Forward-Looking Statements

This Annual Report contains certain estimates, predictions, and other “forward-looking statements” (as defined in the Private Securities Litigation Reform Act of 1995, and within the meaning of Section 27A of the Securities Act of 1933, as amended, and Section 21E of the Securities Act of 1934). The words “believe,” “expect,” “anticipate,” “intend,” “estimate,” “target,” “may,” “will,” “plan,” “project,” “should,” “continue,” or the negative thereof or other similar expressions, or discussions of future goals or aspirations, which are predictions of or indicate future events and trends and which do not relate to historical matters, identify forward-looking statements. Such statements are based on information available to management as of the time of such statements and relate to, among other things, expectations of the business environment in which the Company operates, projections of future performance, perceived opportunities in the market, and statements regarding the Company’s mission and vision. Forward-looking statements involve known and unknown risks, uncertainties, and other factors, which may cause the actual results, performance, or achievements of the Company to differ materially from anticipated future results, performance, or achievements expressed or implied by such forward-looking statements. The Company undertakes no obligation to publicly update or revise any forward-looking statement, whether as a result of new information, future events, or otherwise.

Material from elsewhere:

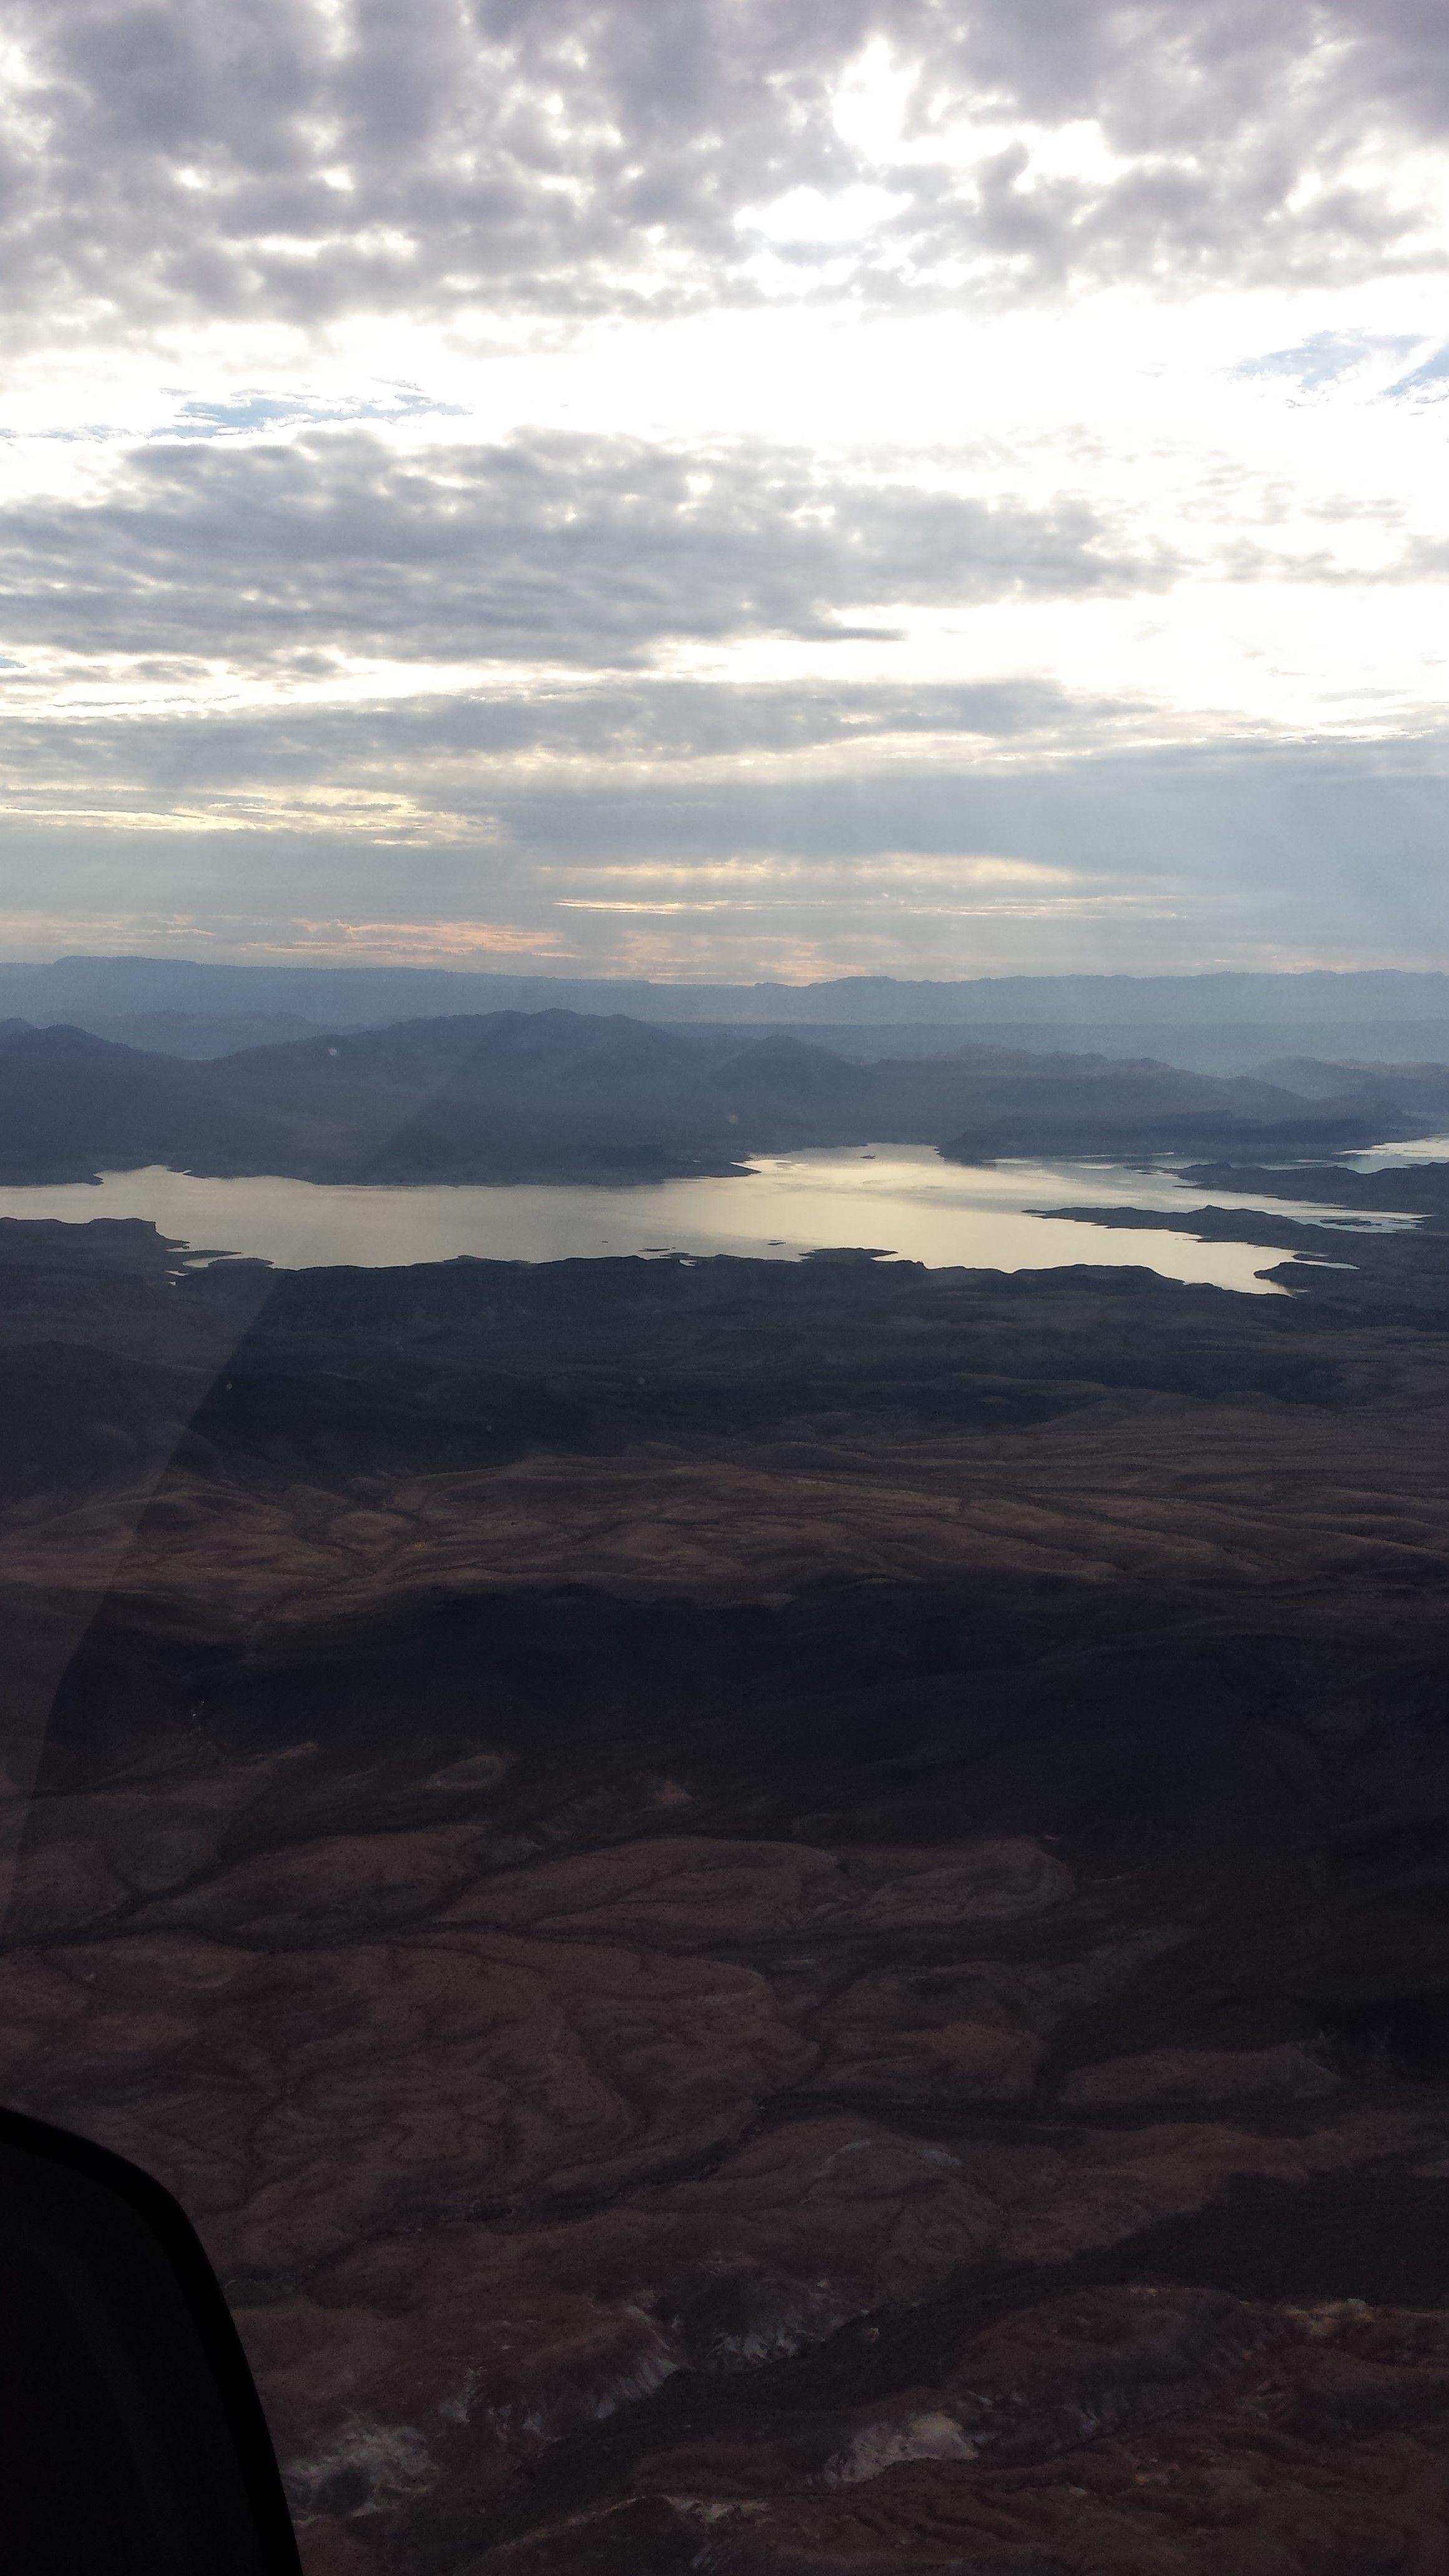 Lake mead lake mead airplane view las vegas

Factors that could cause actual results to differ from those expected include, but are not limited to, general economic conditions such as inflation, interest rates, and foreign currency exchange rates; results from acquisitions may differ from what we anticipate; competitive conditions within the Company’s markets, including the acceptance of new and existing products offered by the Company; price changes for raw materials and the ability of the Company to pass these price changes on to its customers or otherwise manage commodity price fluctuation risks; the presence of adequate cash available for investment in the Company’s business in order to maintain desired debt levels; unanticipated consequences of the European Monetary Union’s conversion to the euro; changes in governmental regulation, especially in the areas of environmental, health and safety matters, and foreign investment; unexpected outcomes in the Company’s current and future litigation proceedings; and changes in the Company’s labor relations. These and other risks, uncertainties, and assumptions identified from time to time in the Company’s filings with the Securities Exchange Commission, including without limitation, its Annual Report on Form 10-K and its quarterly reports on Form 10-Q, could cause the Company’s actual future results to differ materially from those projected in the forward-looking statements. In addition, the Company’s actual future results could differ materially from those projected in the forward-looking statement as a result of changes in the assumptions used in making such forward-looking statements.